=== WORK TASK ===
The answer must be only the lines below from the one holding "28 Mono Troy Lee Designs 2019 GP Pants Black" down to the one holding "Cappello evie in cotone", ends included, printed exactly; please omit all pictures.

=== GIVEN INFORMATION ===
-.-.-

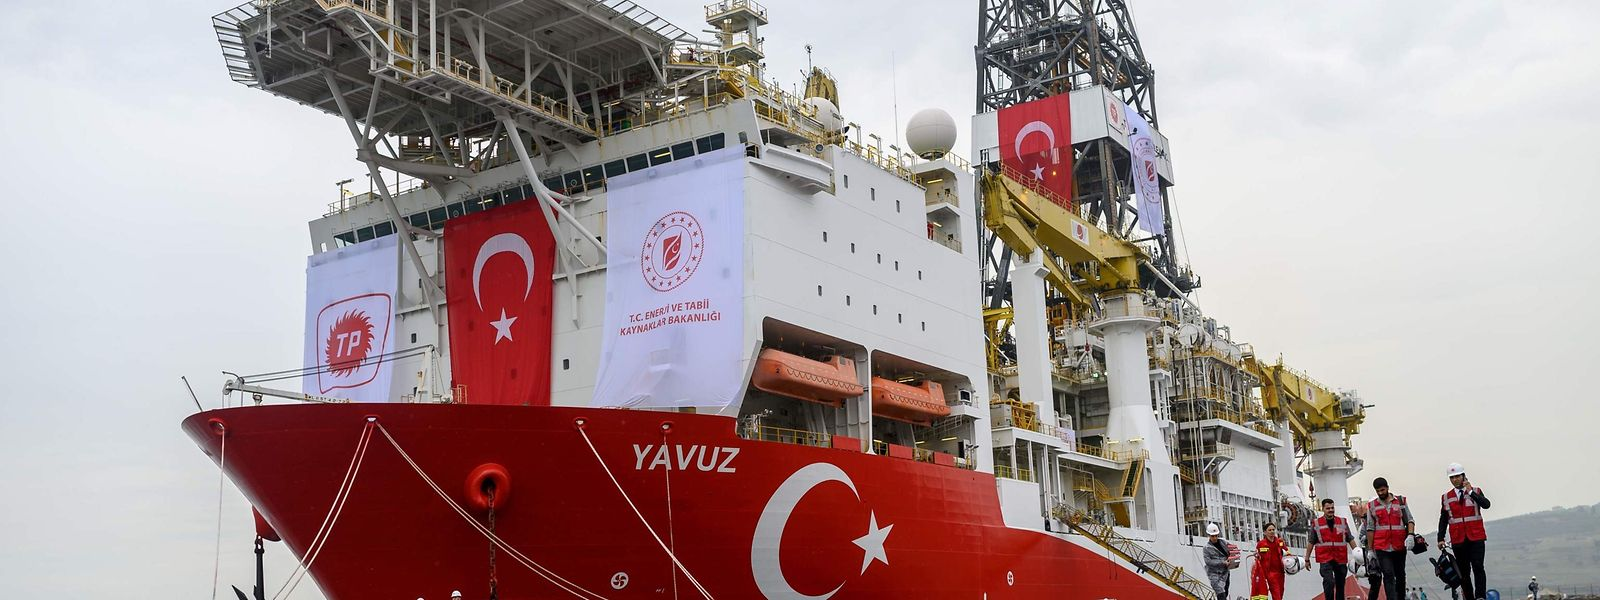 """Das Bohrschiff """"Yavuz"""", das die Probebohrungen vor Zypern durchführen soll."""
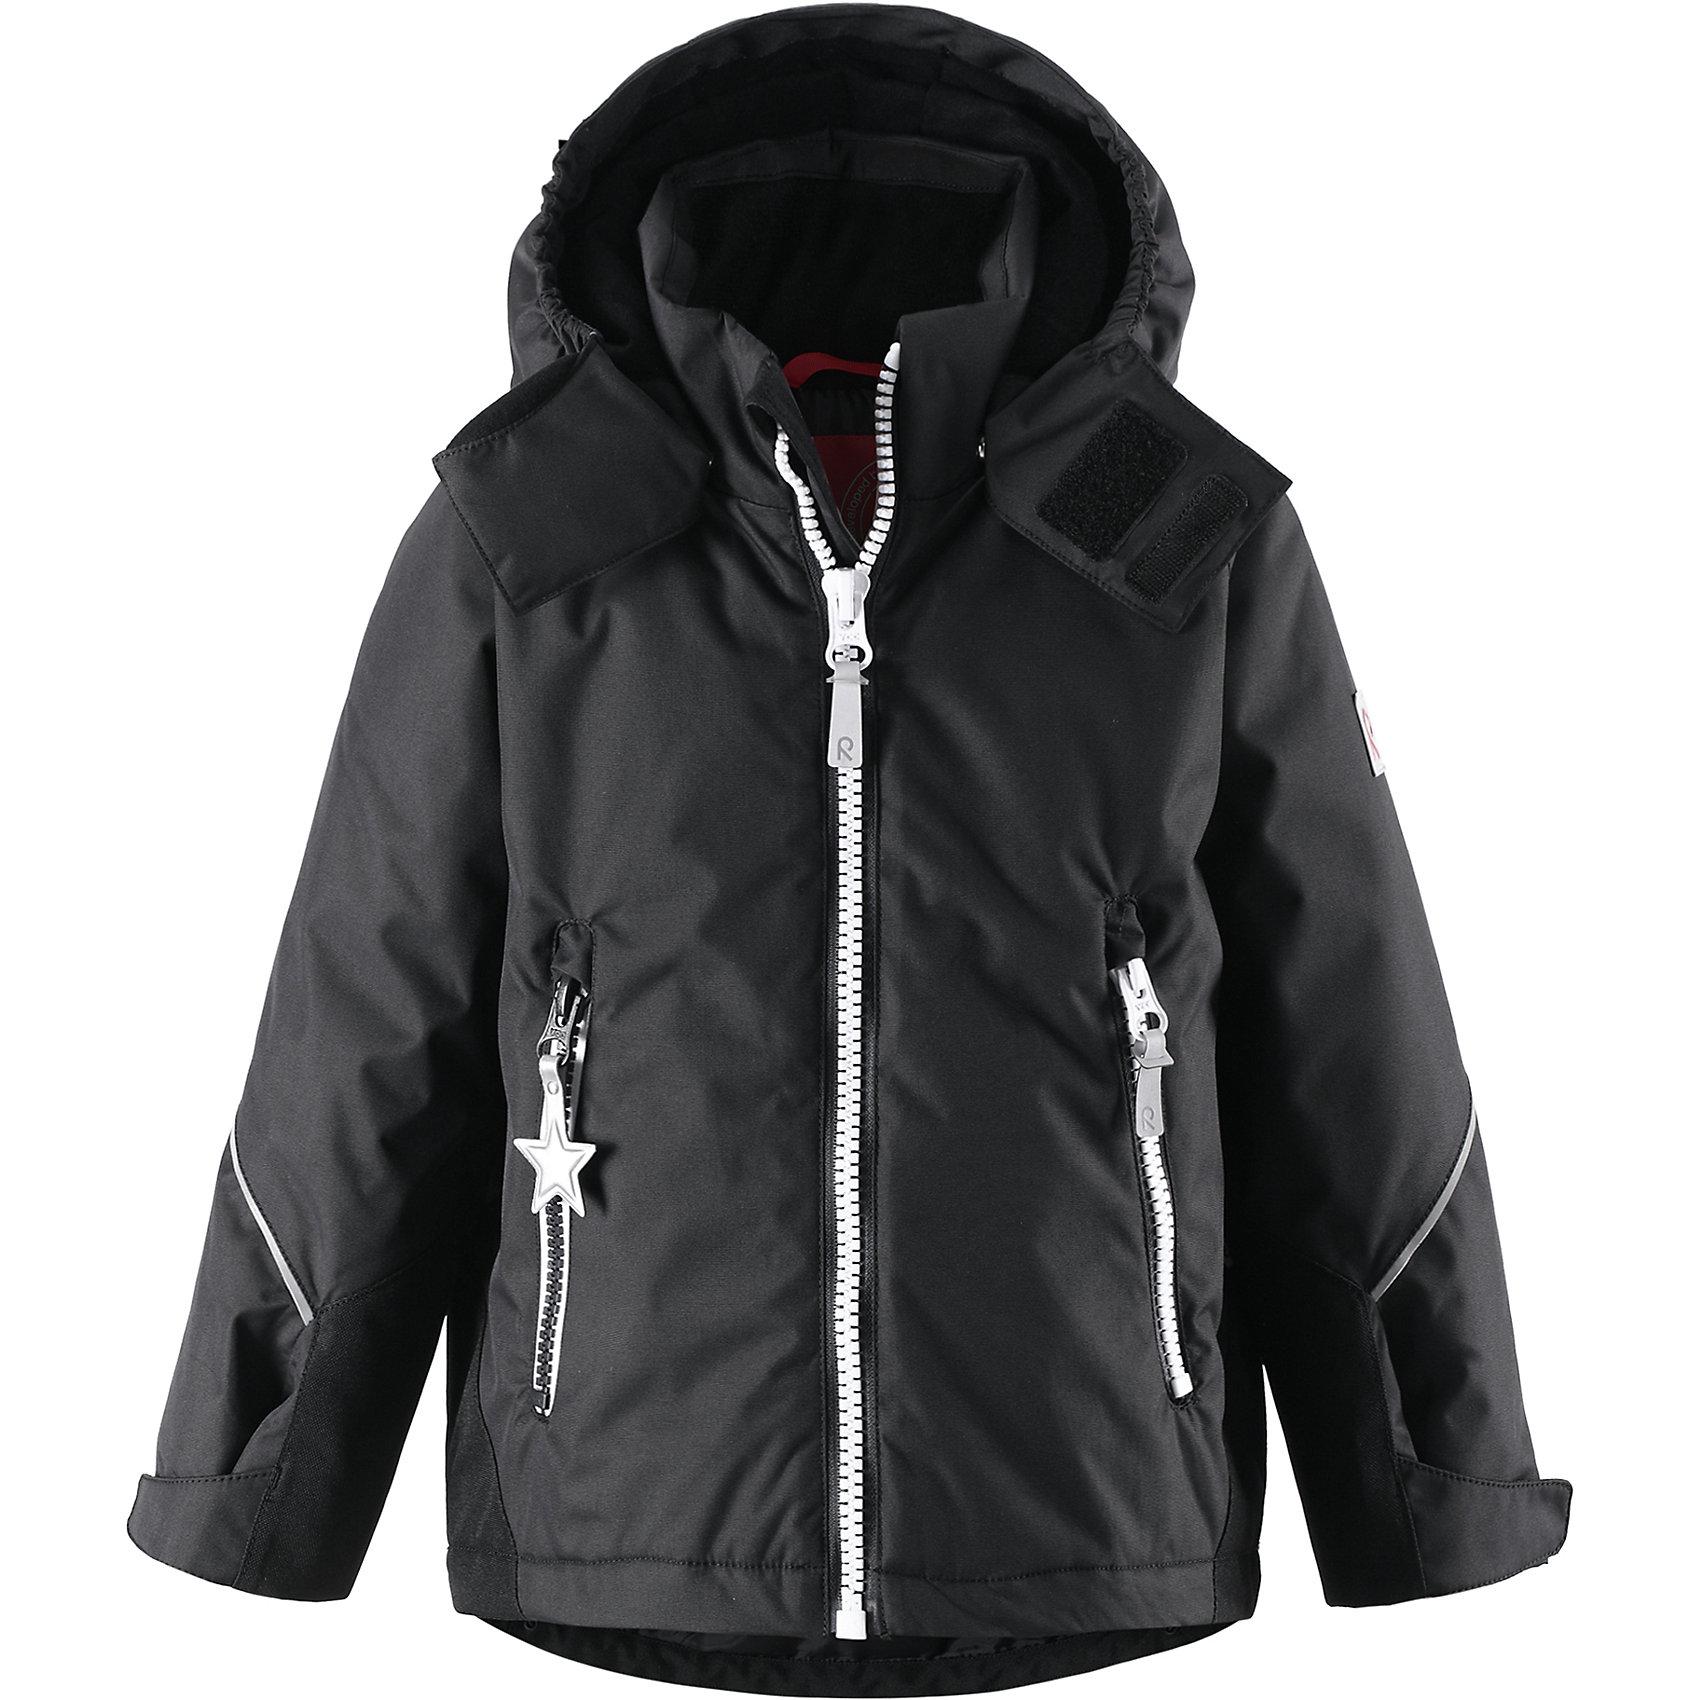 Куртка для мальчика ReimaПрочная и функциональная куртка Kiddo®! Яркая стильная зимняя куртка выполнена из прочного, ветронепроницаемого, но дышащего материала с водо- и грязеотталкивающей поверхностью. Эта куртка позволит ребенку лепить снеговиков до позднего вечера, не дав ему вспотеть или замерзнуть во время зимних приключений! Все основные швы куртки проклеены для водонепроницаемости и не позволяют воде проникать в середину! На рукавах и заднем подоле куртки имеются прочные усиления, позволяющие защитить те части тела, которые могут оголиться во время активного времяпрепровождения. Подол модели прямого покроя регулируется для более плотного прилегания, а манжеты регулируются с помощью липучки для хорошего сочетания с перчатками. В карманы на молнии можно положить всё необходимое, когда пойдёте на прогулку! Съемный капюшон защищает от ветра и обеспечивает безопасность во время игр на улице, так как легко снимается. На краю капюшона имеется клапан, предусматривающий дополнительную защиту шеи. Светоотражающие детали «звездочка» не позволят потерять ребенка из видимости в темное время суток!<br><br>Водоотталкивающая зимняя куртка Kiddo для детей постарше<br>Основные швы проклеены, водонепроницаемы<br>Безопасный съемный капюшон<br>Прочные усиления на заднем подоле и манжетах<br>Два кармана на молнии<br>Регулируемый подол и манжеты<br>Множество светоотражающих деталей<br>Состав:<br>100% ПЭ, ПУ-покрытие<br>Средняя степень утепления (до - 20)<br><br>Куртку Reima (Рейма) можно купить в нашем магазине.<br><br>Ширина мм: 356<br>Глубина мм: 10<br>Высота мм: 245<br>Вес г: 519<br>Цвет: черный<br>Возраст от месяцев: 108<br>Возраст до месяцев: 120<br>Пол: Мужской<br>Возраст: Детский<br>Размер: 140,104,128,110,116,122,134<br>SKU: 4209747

-.-.-

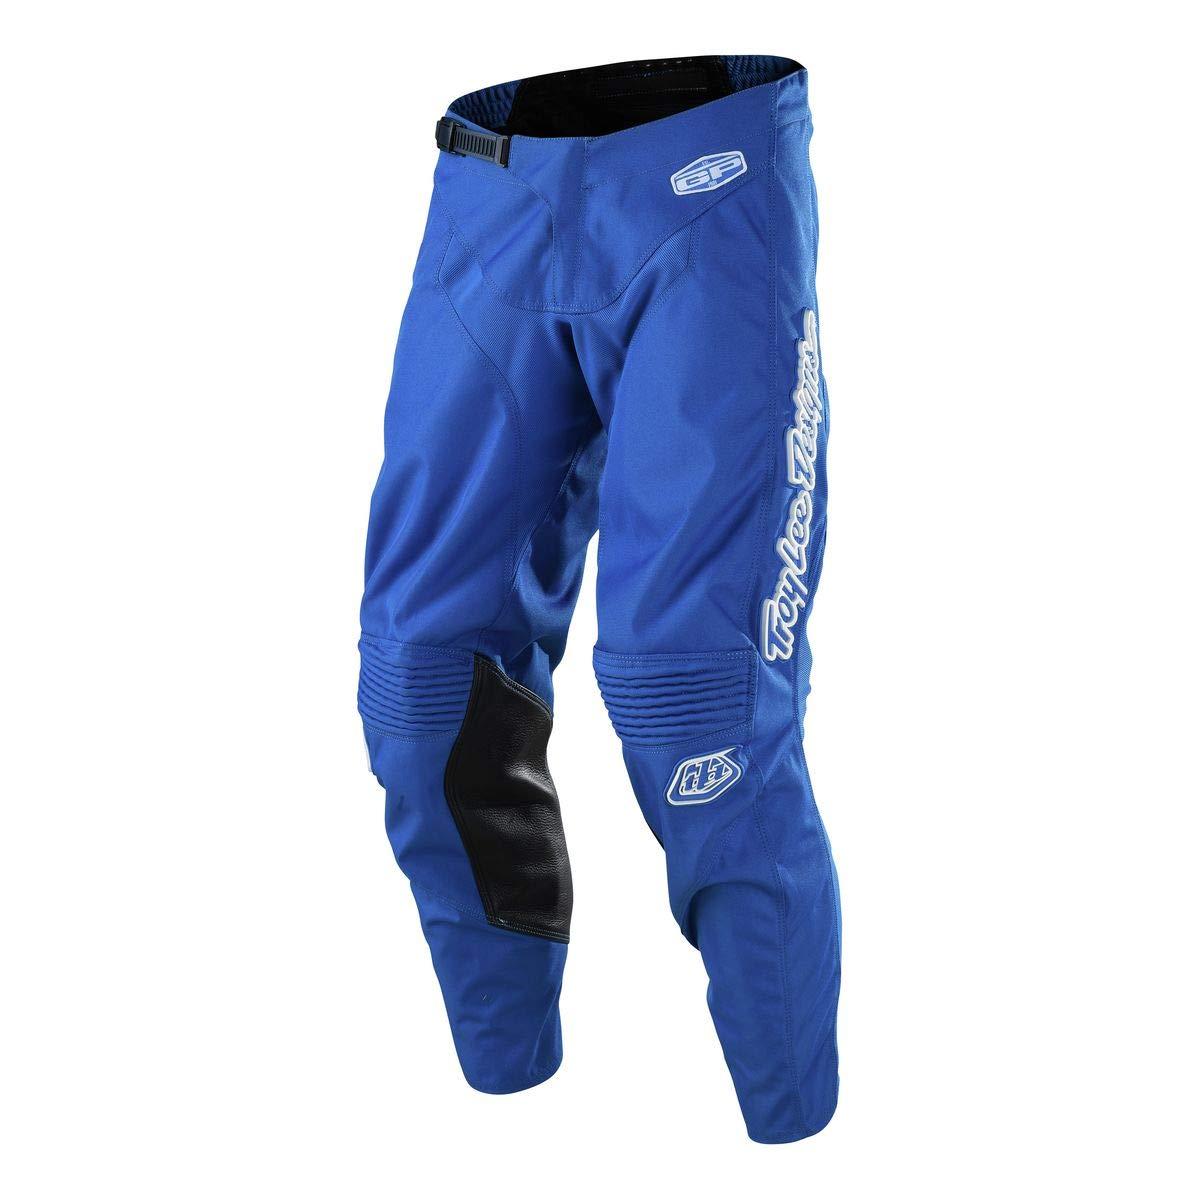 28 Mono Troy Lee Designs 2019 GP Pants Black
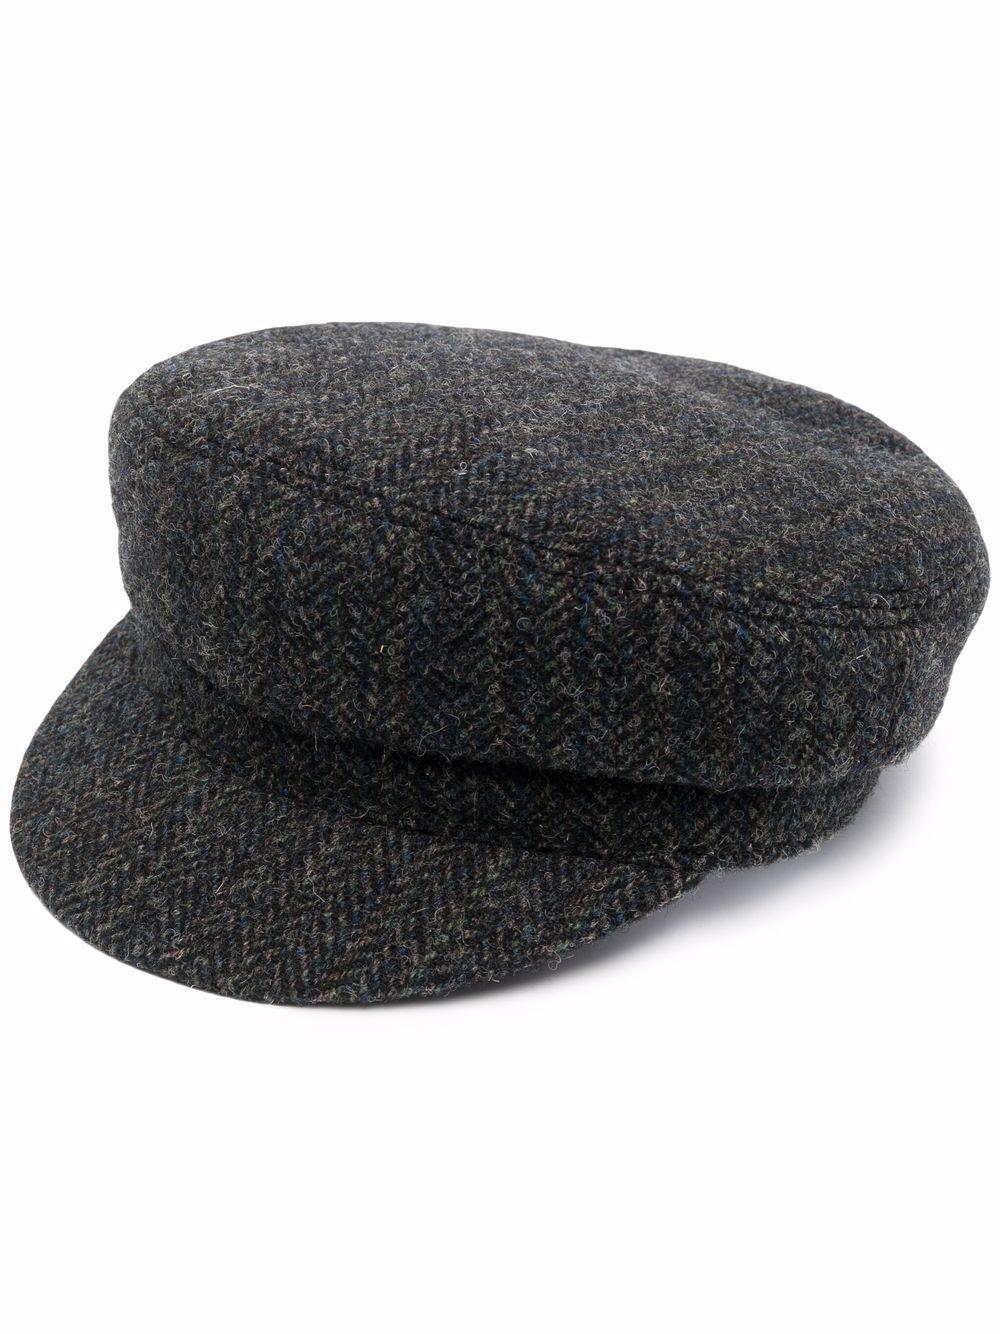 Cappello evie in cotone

-.-.-

=== OUTPUT OF THE TASK ===
 28 Mono Troy Lee Designs 2019 GP Pants Black
 Cappello evie in cotone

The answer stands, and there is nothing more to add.